Mackler hat eine ungewöhnliche Form gewählt, ihre Geschichte zu erzählen. Vier Stimmen sind nacheinander zu hören, die sechzehnjährige Jena, der achtzehnjährige Dakota, die siebzehnjährige Skye und der sechzehnjährige Owen. Der Karibikurlaub ist nur der Moment, an dem sich alle begegnen, flüchtig, nebenbei, in Jenas Fall in einer von Anfang an falschen Beziehung. Ihre Geschichten, die am Ende zu einer einzigen Geschichte werden, beginnen hier, ihren Fortgang nehmen sie anderswo, nach dem Urlaub, im Leben der jeweiligen Figuren.

 

Mackler mutet ihren Figuren viel zu. Sie haben Gemeinsamkeiten, im Negativen wie im Positiven. Alle vier unterschätzen sich, haben ein geringes Selbstvertrauen, kämpfen mit den für Teenager typischen Schwankungen zwischen Kindsein und Erwachsensein wollen. Sie suchen die ideale Liebe, was sie finden, ist aber alles andere als das. Sie stellen fest, dass Liebe nicht nur romantisch ist, nicht nur Sex, nicht nur warme Milch und Kuscheltiere. Ihr Entsetzen ist groß, als sie entdecken, dass Liebe mit Bindung, mit Verantwortung füreinander und vor allem damit zu tun hat, dass man Entscheidungen treffen muss, die auch verletzen und möglicherweise irreversibel sind. Zugleich ist Liebe die große Chance zur Veränderung. Nicht nur Teenager können an diesem Widerspruch verzweifeln.

 

Einsamkeit und Glücksuche

Die vier Teenager sind in ihrem Glück wie in ihrem Unglück überzeugend lebendige Gestalten. Was sich auf den ersten Seiten – Jenas Bericht – zunächst liest, wie ein etwas behäbiger durchschnittlicher Teenager-Kitsch-Roman entwickelt doch bald Tiefe. Schnell wird deutlich, dass es keineswegs um schlichte Paarbildung geht. Die Autorin lässt ihre Figuren Liebe in vielen unterschiedlichen Formen finden, nicht nur bei sich, sondern auch bei anderen. Nicht jede Art der Liebe ist für jede und jeden geeignet. Was für die einen Zuneigung ist, kann für andere Ausschluss bedeuten. Gerade die Verhaltensweisen der Erwachsenen in diesem Buch wirken erstaunlich lieb – und rücksichtslos, obwohl die Erwachsenen fest davon überzeugt sind, für ihre Kinder das Beste zu tun. Es zeigt sich streckenweise ein seltsames und recht beunruhigendes Bild von der Einsamkeit, in die Heranwachsende geraten, wenn sie eigene Wege suchen.
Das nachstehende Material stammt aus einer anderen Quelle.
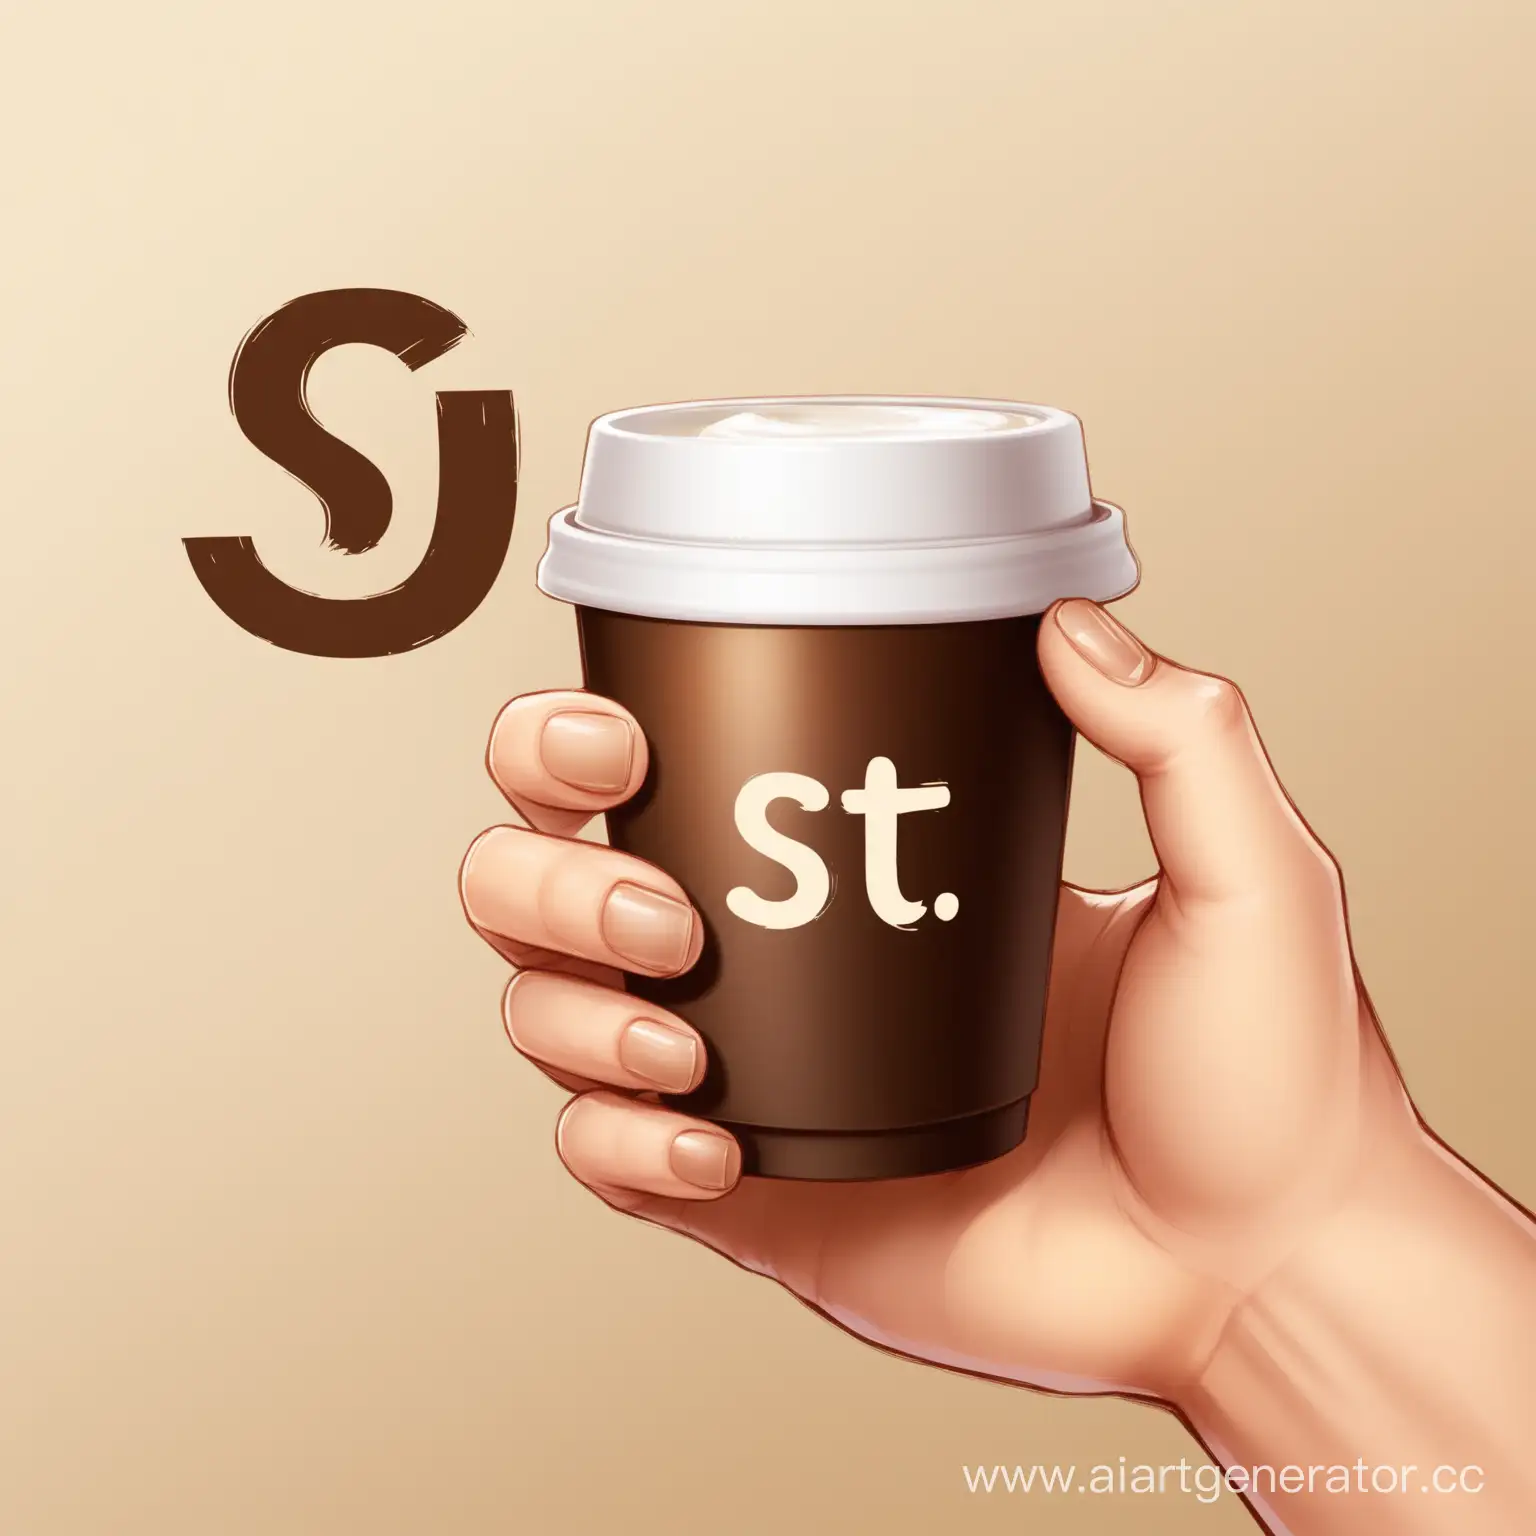 Рука держит стакан кофе с надписью "st"

Diese jungen Leute leiden auf ihrem Weg und erkennen, dass Leid zum Leben und zur Liebe dazugehört. Ihre Entscheidungen sind überraschend und beeindruckend mutig. Die vier unterschiedlichen Geschichten von vier jungen Leuten, die ein Zufall kurzzeitig an einem Urlaubsort zusammengeführt hat, verbinden sich am Ende zu einem großen Ganzen. Die vier sind verbunden geblieben, in unterschiedlichster Weise, und das infolge eigenen Handelns. Liebe ist so vielfältig, aber eines ist sicher, eigene Entscheidungen und selbständiges Handeln gehören dazu, auch mit dem Wissen, dass man Fehler machen kann.